Последняя сессия Верховного суда Его Величества должна была открыться через неделю. Джон проводил время в поисках юридических прецедентов, чтобы добиться отсрочки. У себя в конторе или в ратуше он чувствовал, что отношение к нему окружающих изменилось, но держал это в себе, не комментируя и не высказывая волнения. Что же касается Абигейл, то она словно вдруг оказалась в иностранном городе или стала иной личностью. Люди, с которыми она встречалась ежедневно, не проявляли эмоций, делали вид, что не узнают ее. Лавочники, мясники, рыботорговцы не снимали шляпы в знак приветствия, не обращались к ней по имени. Ее и не игнорировали, и не демонстрировали враждебность. Через пару дней она нашла первое объяснение. Описывая, как соседи проходили мимо нее, будто она вообще не существовала, Абигейл сказала:

— Они относятся ко мне как к анонимному лицу. У них нет ненависти, нет горечи, они просто не могут понять, почему ты взялся за это дело.

— Не обращай внимания, — посоветовал он. — Когда процесс останется позади, станет лучше, если не переругаемся. В таком случае никому никого не придется прощать, включая и нас.

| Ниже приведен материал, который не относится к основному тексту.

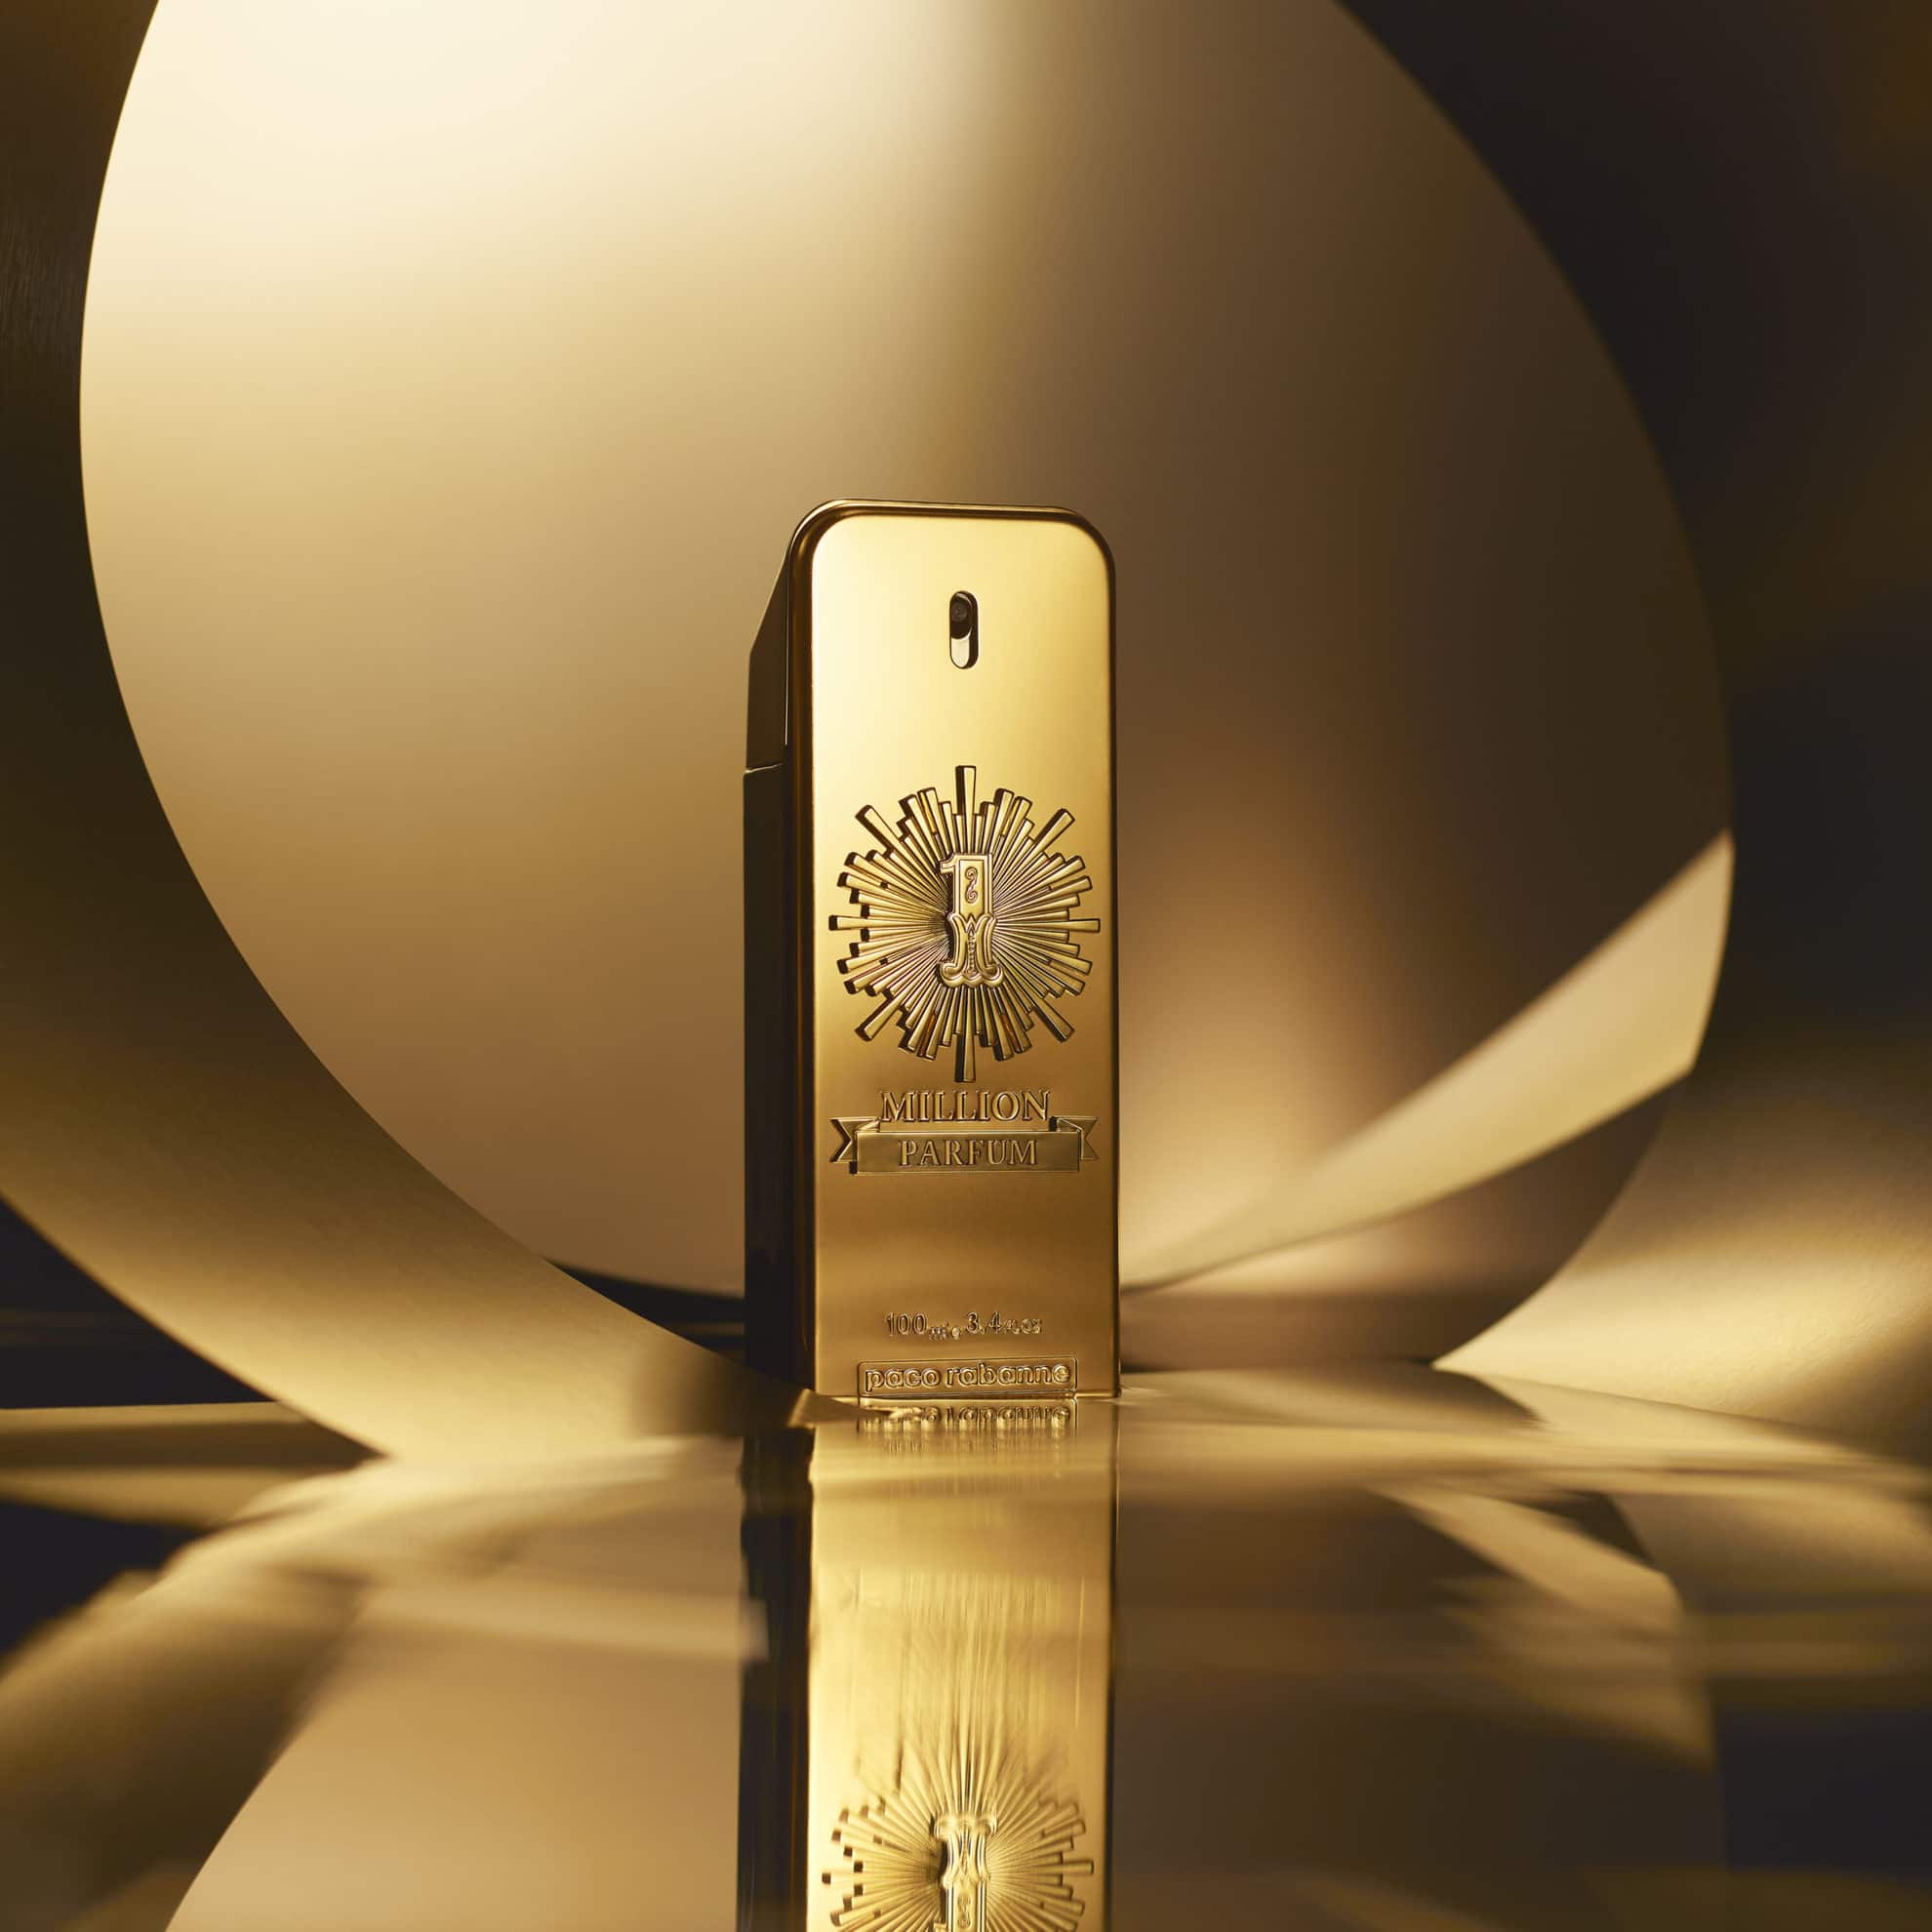 1 Million Parfum » Paco Rabanne » The Parfumerie » Sri Lanka

На протяжении последующих нескольких дней Бостон походил на то, о чем рассказывал пастор Смит, когда религиозная истерия парализовала общину: по четыре — шесть часов в день проповедники метали громы и молнии со своих кафедр, лавки были закрыты, занятия в школах отменены, люди ходили по улицам словно лунатики. Теперь в городе главным было слово «политика». Собирались митинги, звучали яростные речи, в которых горько осуждались красномундирники как хладнокровные монстры, расстреливающие невинных миролюбивых патриотов, вся вина которых в том, что они верят в свободу.

— «Сыны Свободы» блестяще проводят кампанию, — признал Джон. — За исключением сочувствующих короне, укрывшихся в своих домах и закрывших ставни на лавках, город горит желанием повесить каждого, кто попадет в список. Если последний раненый, Патрик Карр, скончается, боюсь, что воскресные проповеди обернутся призывами к мятежу.

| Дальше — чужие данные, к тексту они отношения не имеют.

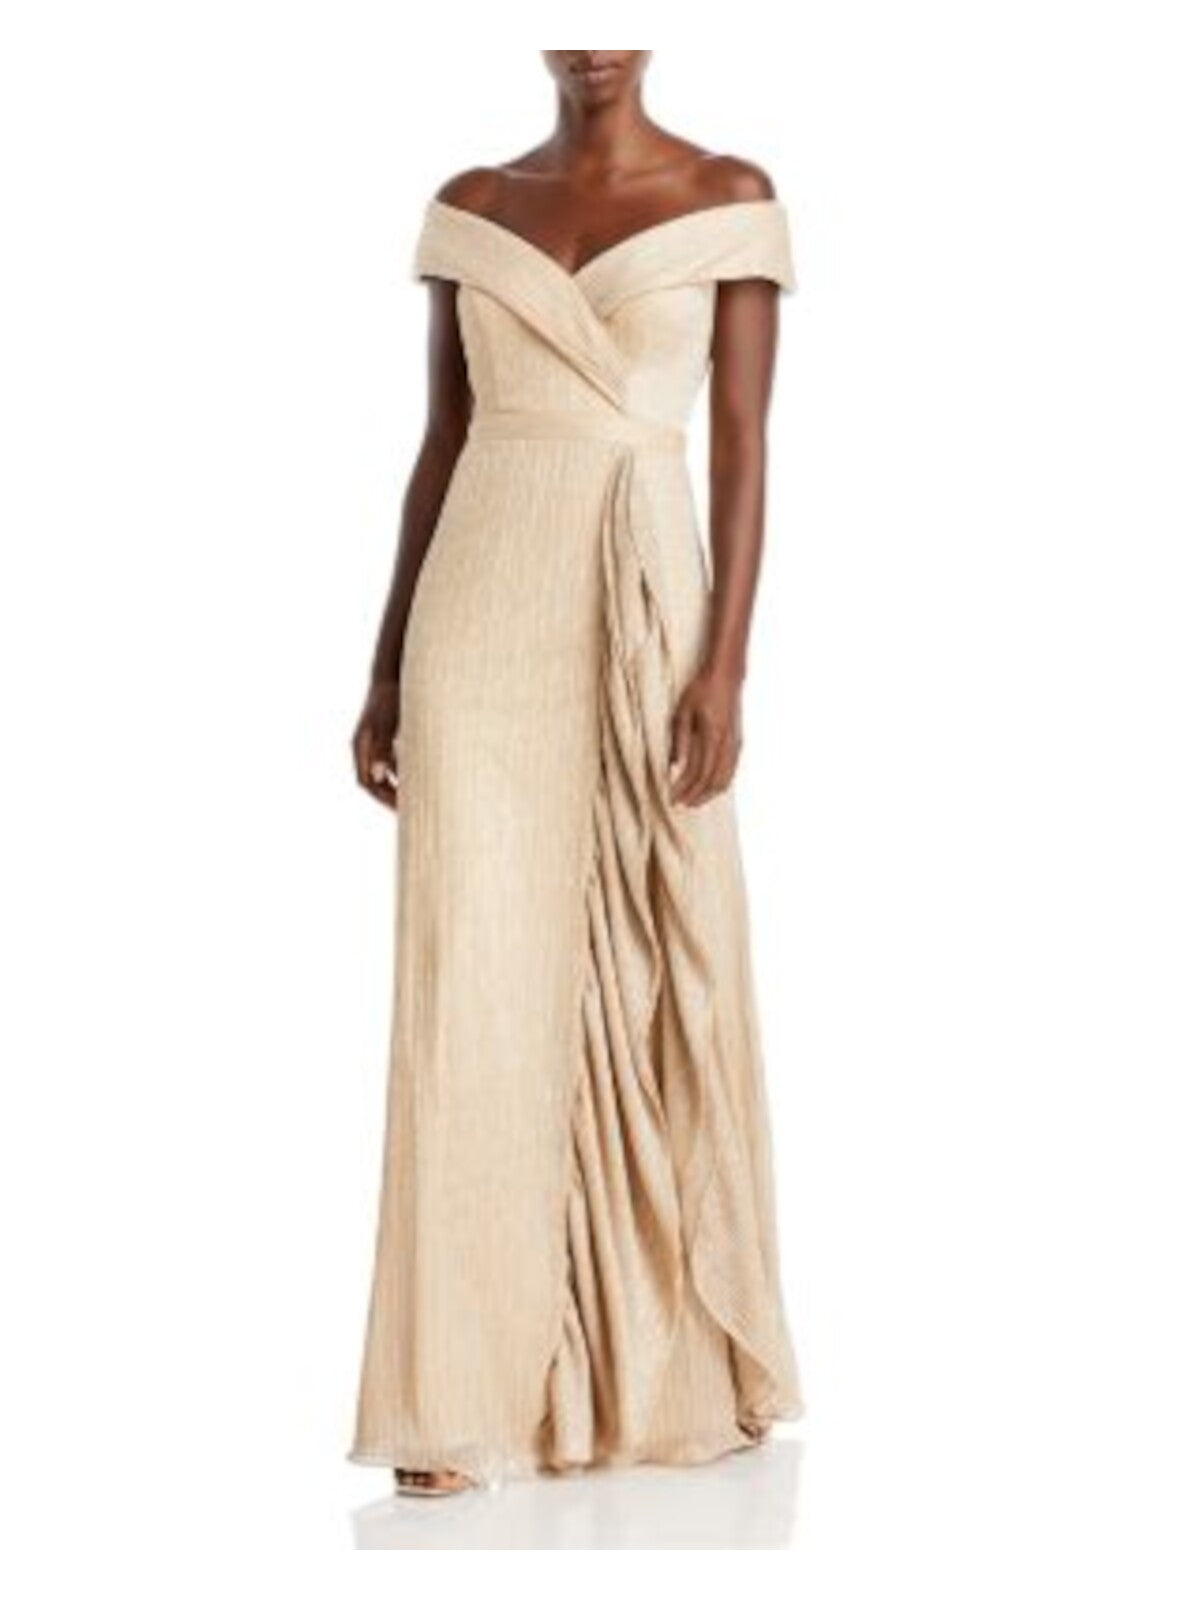 AQUA FORMAL Womens Gold Ruffled Zippered Lined Short Sleeve Off Shoulder Full-Length Evening Gown Dress 4

Карр умер этой же ночью. Новая волна ненависти захлестнула Бостон. Джон принял решение в субботу и воскресенье не выходить из дома. Но публикации в понедельник были хуже воскресных проповедей. Пол Ревер нарисовал пять гробоподобных блоков с мертвыми головами и с инициалами жертв, этот рисунок иллюстрировал в «Бостон газетт» статью о том, что получило название «бостонской резни». Жителям Бостона внушали, будто выстроившиеся в плотный ряд британские солдаты по команде, поданной саблей капитана Престона, стреляли в упор в толпу добропорядочных, хорошо одетых бостонцев, включая женщин, мирно прогуливавшихся по площади у ратуши.

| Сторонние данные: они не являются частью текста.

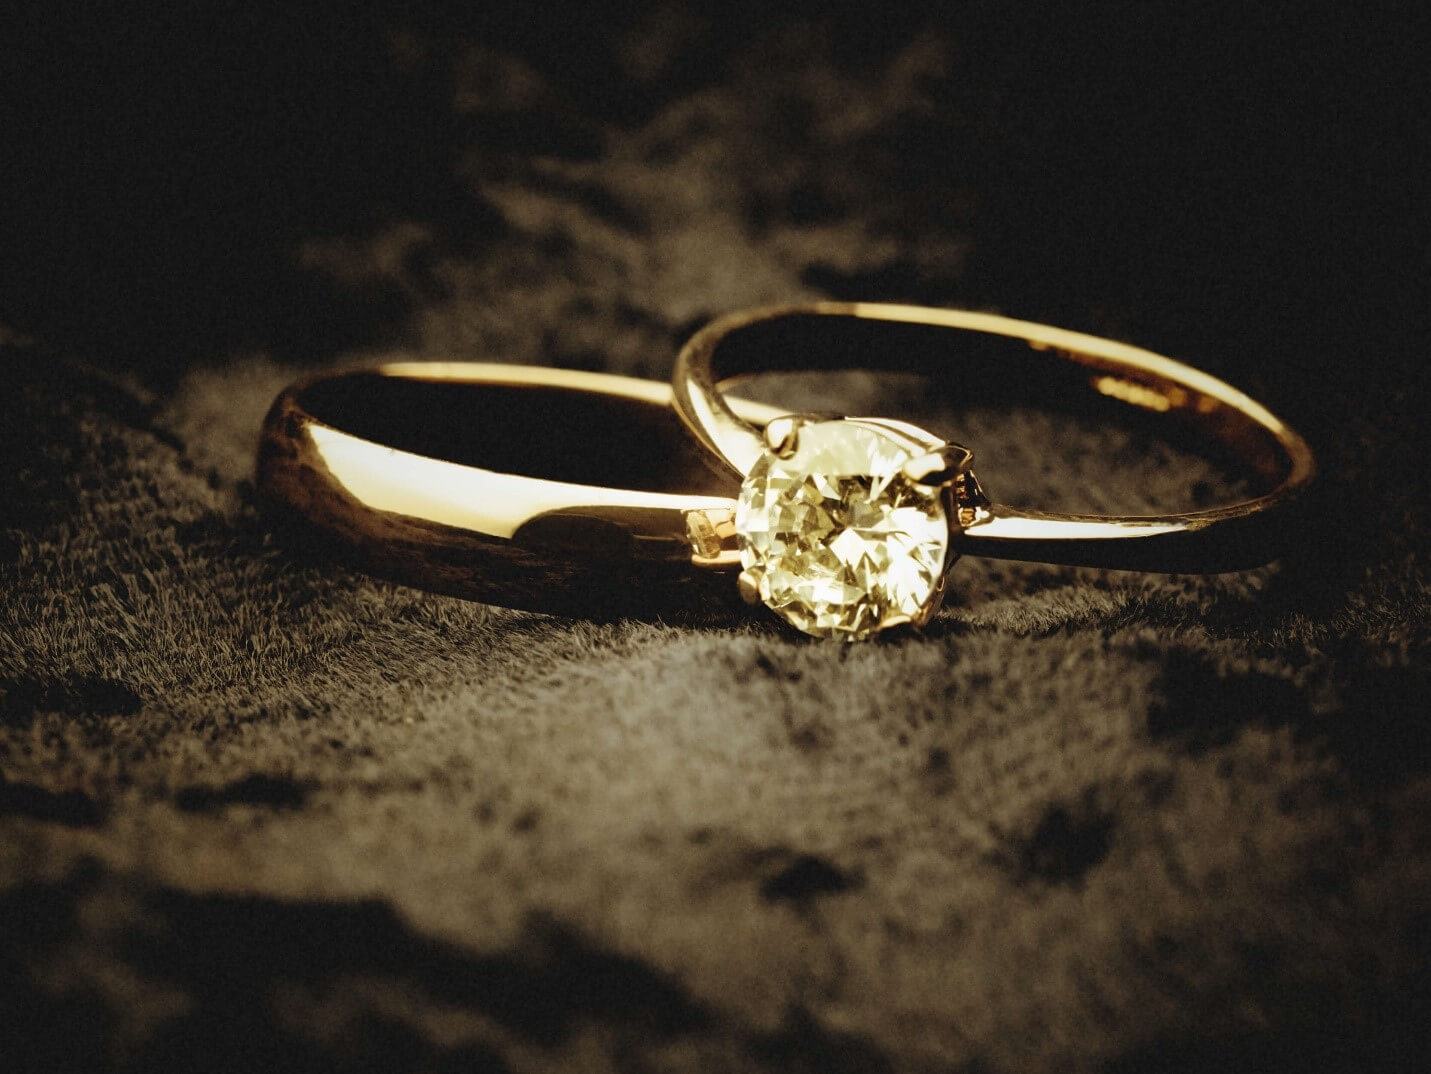 Sell Your Wedding Ring - 502-891-0424 - Genesis Diamond Buyers

— Мистер Ревер должен понимать, что рисунок усилит ненависть и подтолкнет к насилию, — сказала Абигейл.

— Он желает запечатлеть в каждой голове стигму резни, так распалить Бостон, что судьи станут опасаться за свою жизнь, если завтра утром они удовлетворят мою просьбу отложить суд.

Слушание состоялось в полдень. Когда Джон вернулся домой, у него было усталое, но довольное лицо.

— Дело отложено до осени.

— Как хорошо.

— Сэмюел собрал группу обедавших у него патриотов и привел ее в суд. Ты никогда не видела подобной сцены. Они шумели, угрожали, требовали немедленного начала суда.

— Как тебе удалось нанести им поражение?

— Они сами подсекли себя. Чем громче они орали, тем больше судьи убеждались в том, что в настоящее время невозможен справедливый процесс. В середине страстной речи некоего Сына свободы председательствующий судья воскликнул: «Процесс отложен!» Судьи удалились, прежде чем вернулся рассудок к патриотам. По правде говоря, я сам постарался побыстрей уйти.

Она рассмеялась:

— Что ж, Джон Адамс, не говори мне, что бежал из зала суда.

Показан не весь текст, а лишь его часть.